Is the need to be ‘loved’ more important than actual ‘love’? It seems that in this culture of ‘serial monogamy’ (as I call it) often times we look outside of ourselves to fill the holes within. Subsequently we label lust, intense feelings, or simply consistently being within a close proximity to another person that makes us swoon as ‘love’. If love were meant to be so easily tangible it wouldn’t be so rare to obtain & sustain.

Now is every relationship that lacks ‘love’ empty and/or pointless, no. Should we rush into labeling relationships as ‘love’, yes. What I envision is a world in which men and women are in a relationship where everything evolves organically. Nothing is forced or fabricated. This maybe a pipe dream as so many factors need to come into play in order for it to work.

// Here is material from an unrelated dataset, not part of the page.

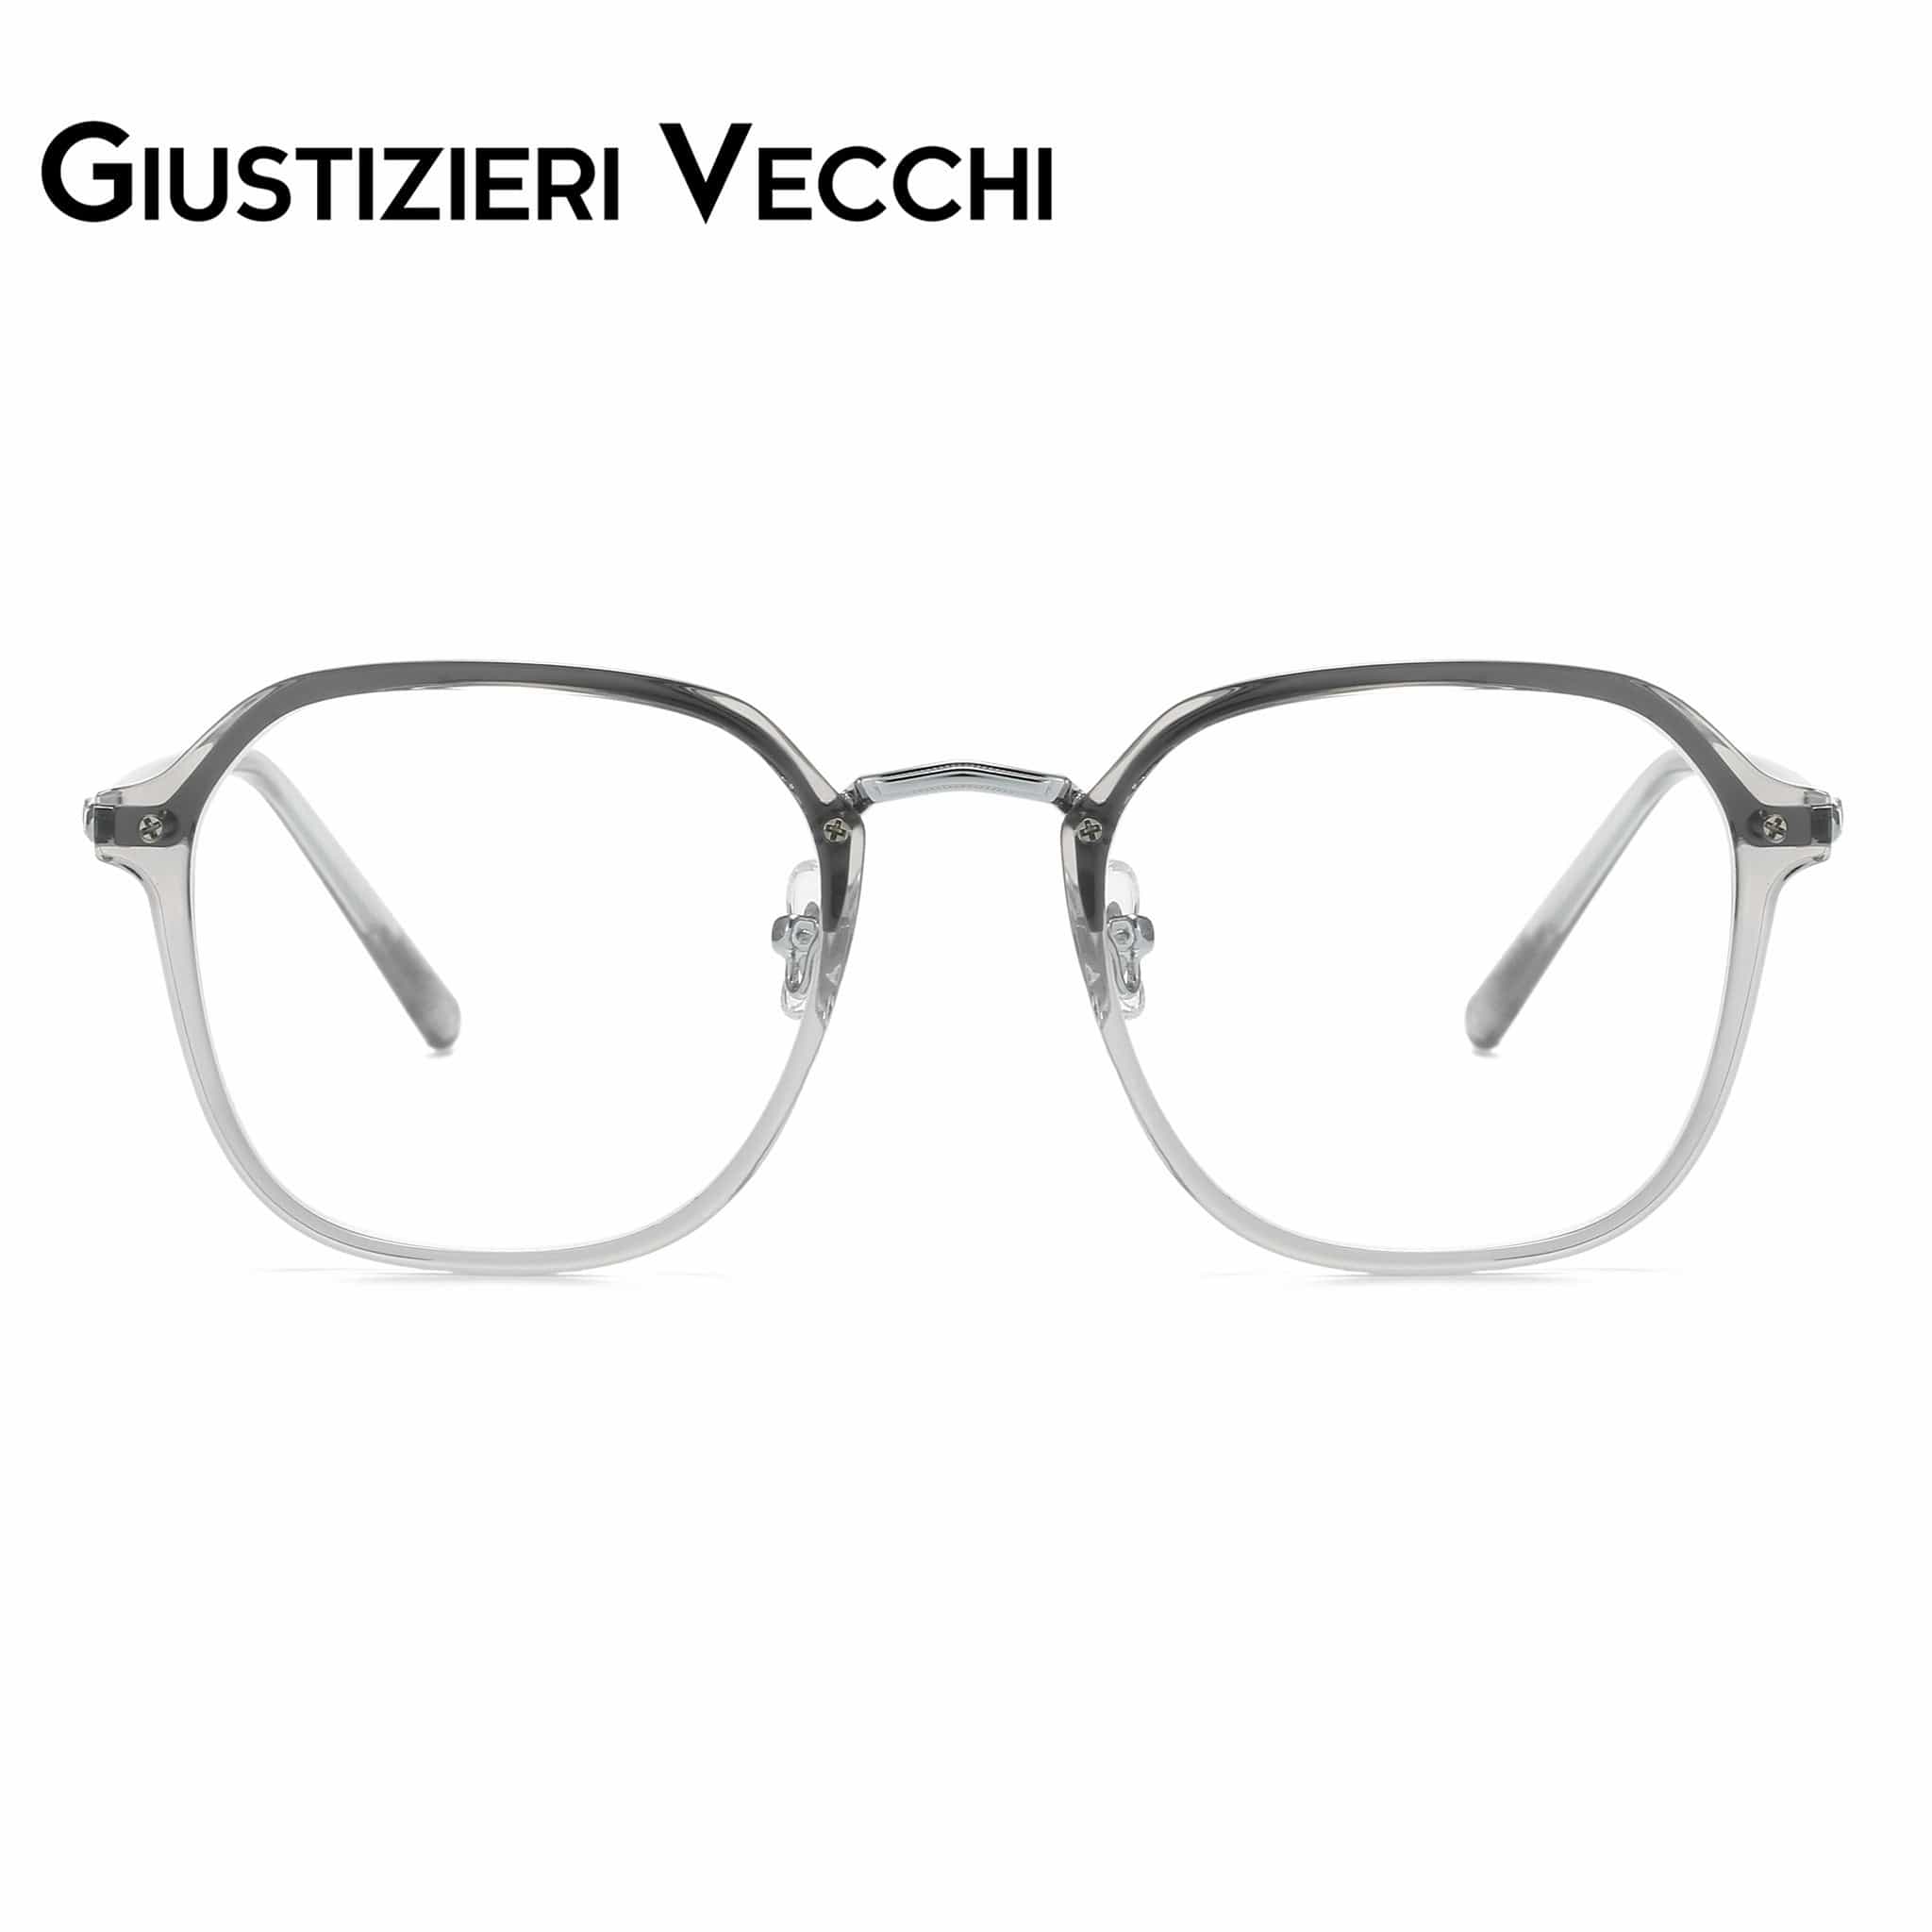 GIUSTIZIERI VECCHI Eyeglasses Small / Silver Sand Crystal ModaChic Uno

The biggest ones are trust and respect. If you truly trust and respect your significant other so many things are avoided. Top on the list are jealousy and cheating. You don’t have to be Jesse James or Elizabeth Taylor to know that cheating wont sustain a relationship. It most certainly wont lead to ‘love’ in the true sense. Notwithstanding, the perception of being ‘loved’ by another still remains.

That brings me back to my original question…is the need to be ‘loved’ more important than actual ‘love’? Have we been so locked into this on-going cycle of heart break that we simply look to fill emotional voids? How can we as a community emerge from it and back to the society that the divorce rate didn’t look like a game of russian roulette?